**Problem description:** Retype the data below exactly, skipping pictures.

**Stored data:**
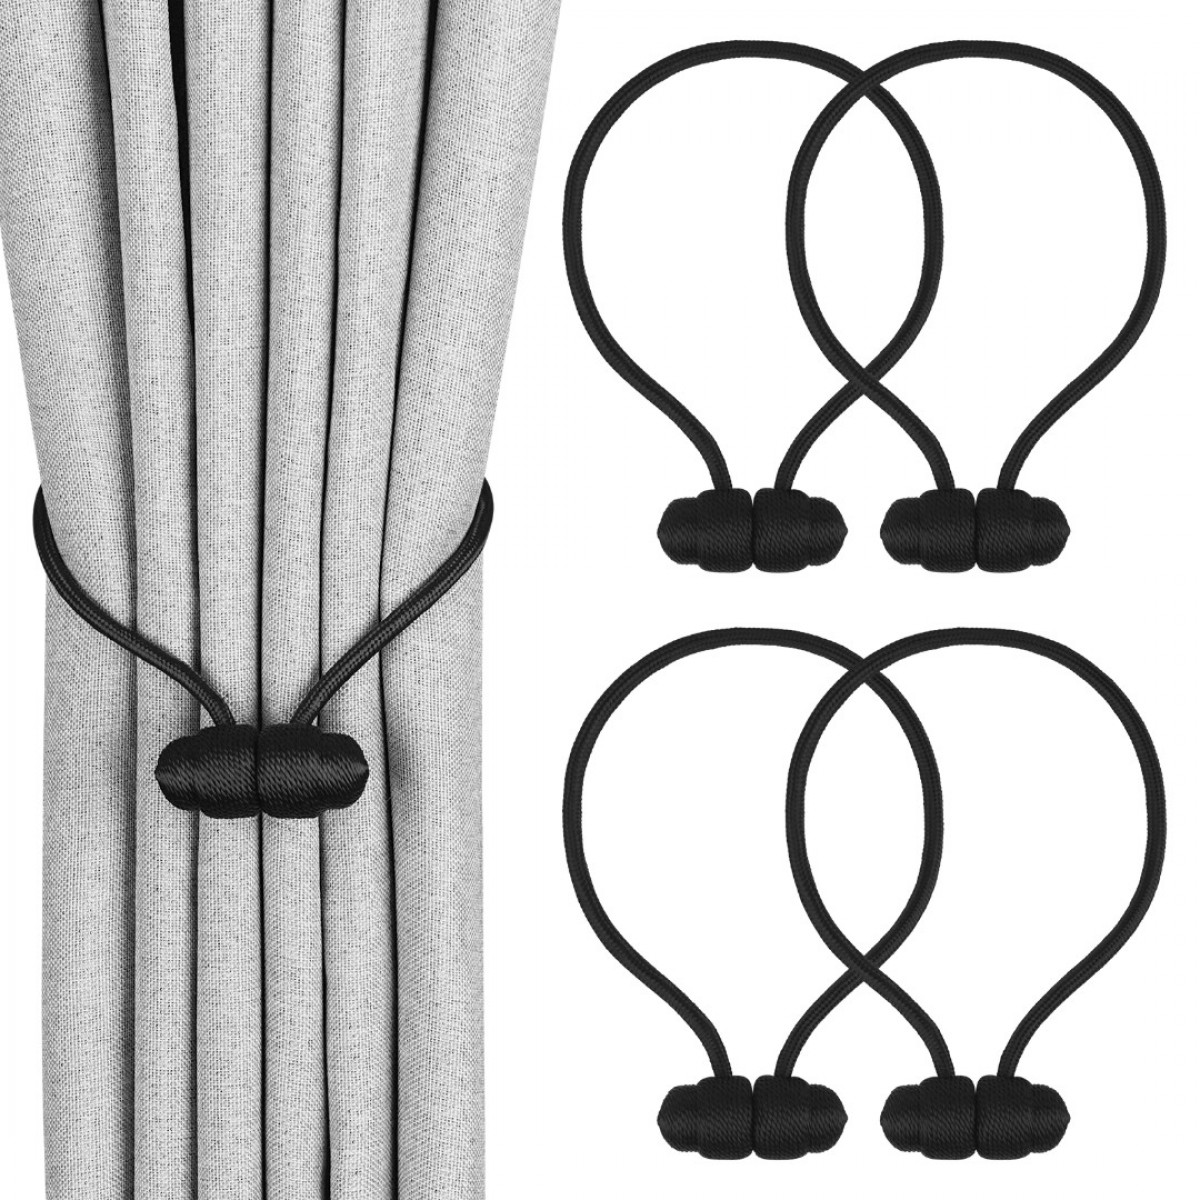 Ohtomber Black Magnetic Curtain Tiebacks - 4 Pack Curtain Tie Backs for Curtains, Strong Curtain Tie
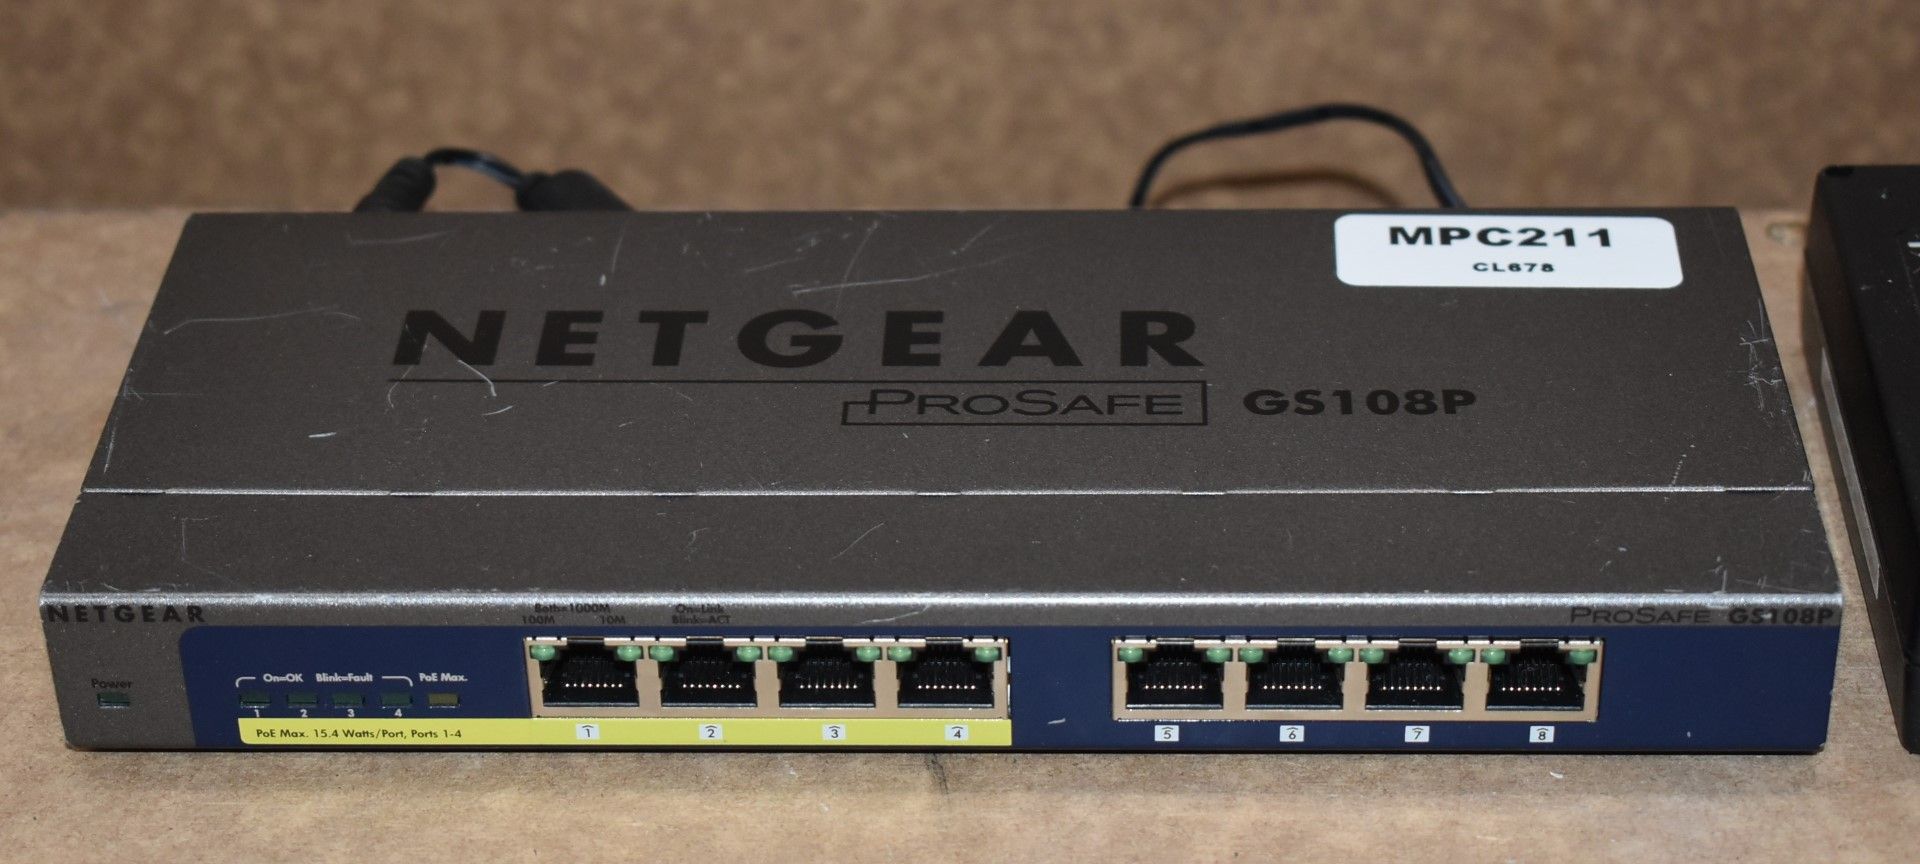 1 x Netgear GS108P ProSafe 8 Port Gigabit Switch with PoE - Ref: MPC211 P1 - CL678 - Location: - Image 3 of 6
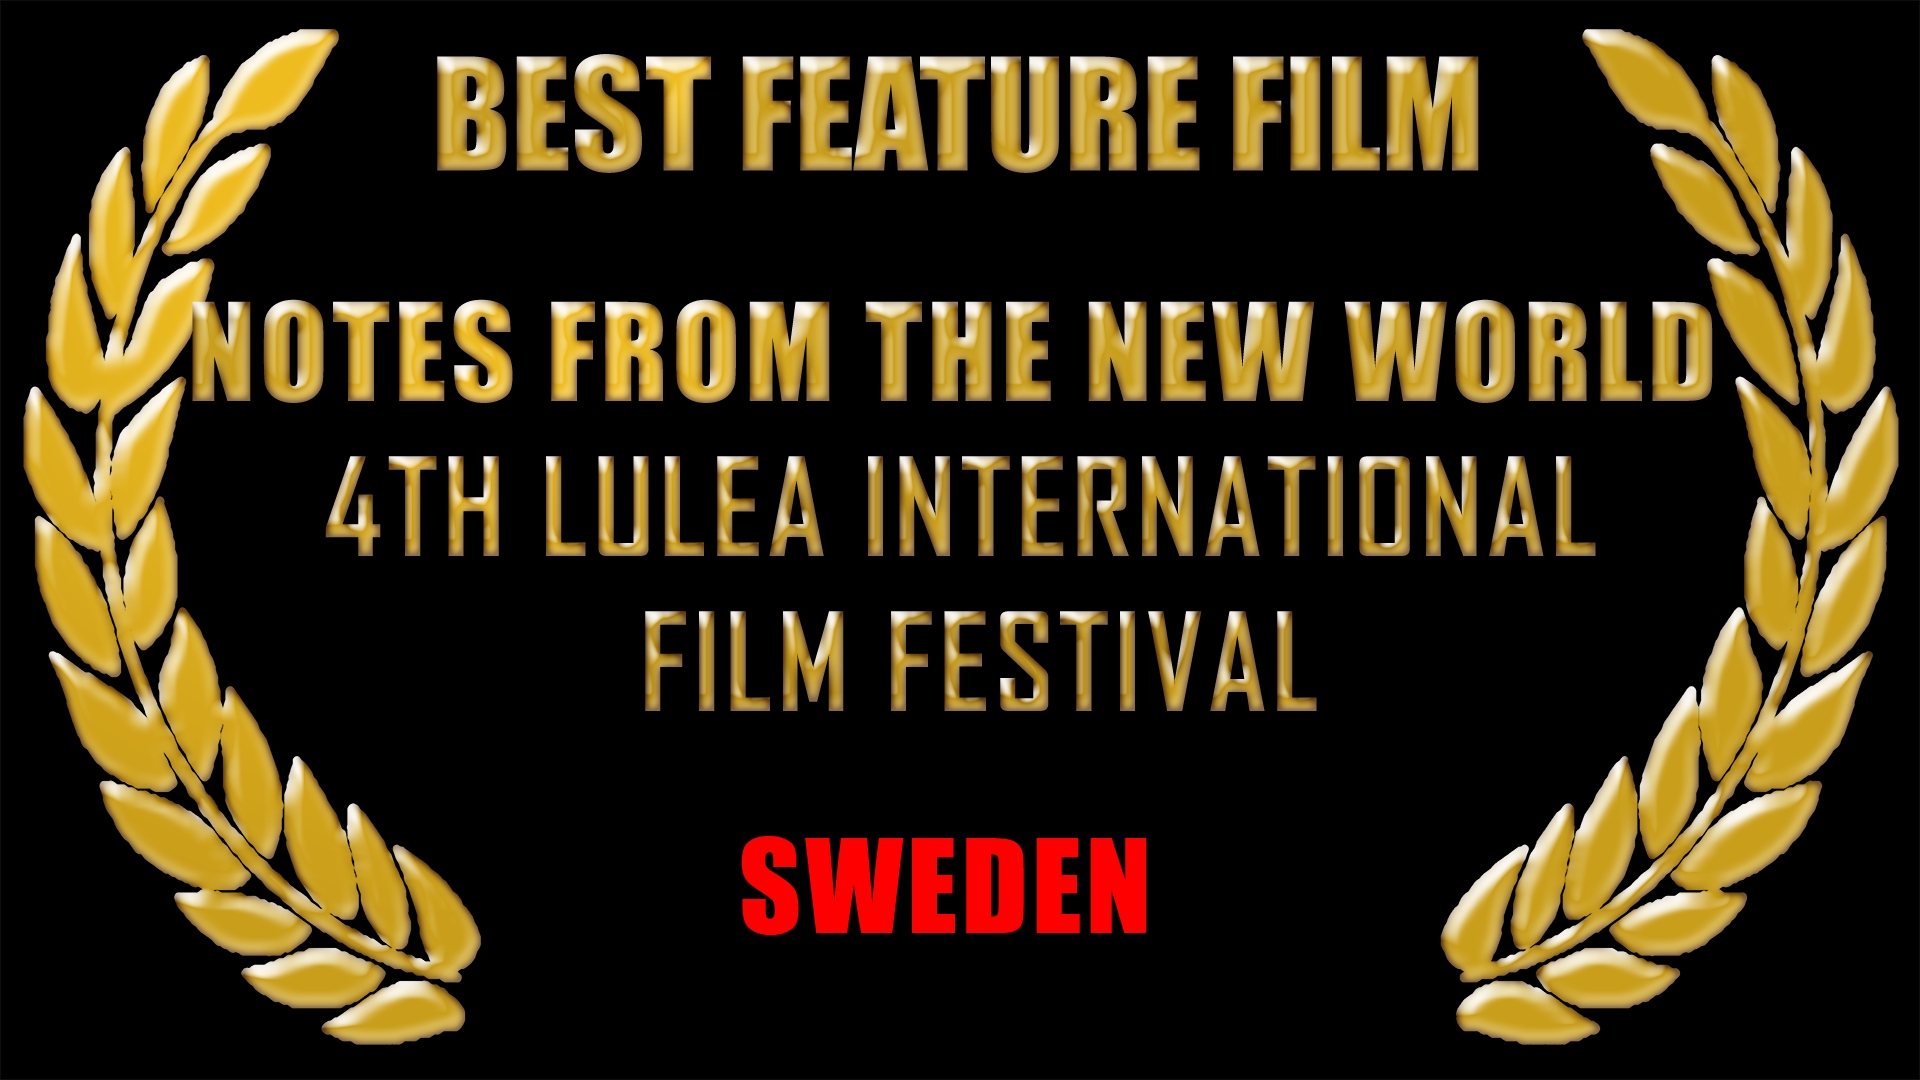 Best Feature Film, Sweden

**Finished task:**
 Ohtomber Black Magnetic Curtain Tiebacks - 4 Pack Curtain Tie Backs for Curtains, Strong Curtain Tie
 1 x Netgear GS108P ProSafe 8 Port Gigabit Switch with PoE - Ref: MPC211 P1 - CL678 - Location: - Image 3 of 6
 Best Feature Film, Sweden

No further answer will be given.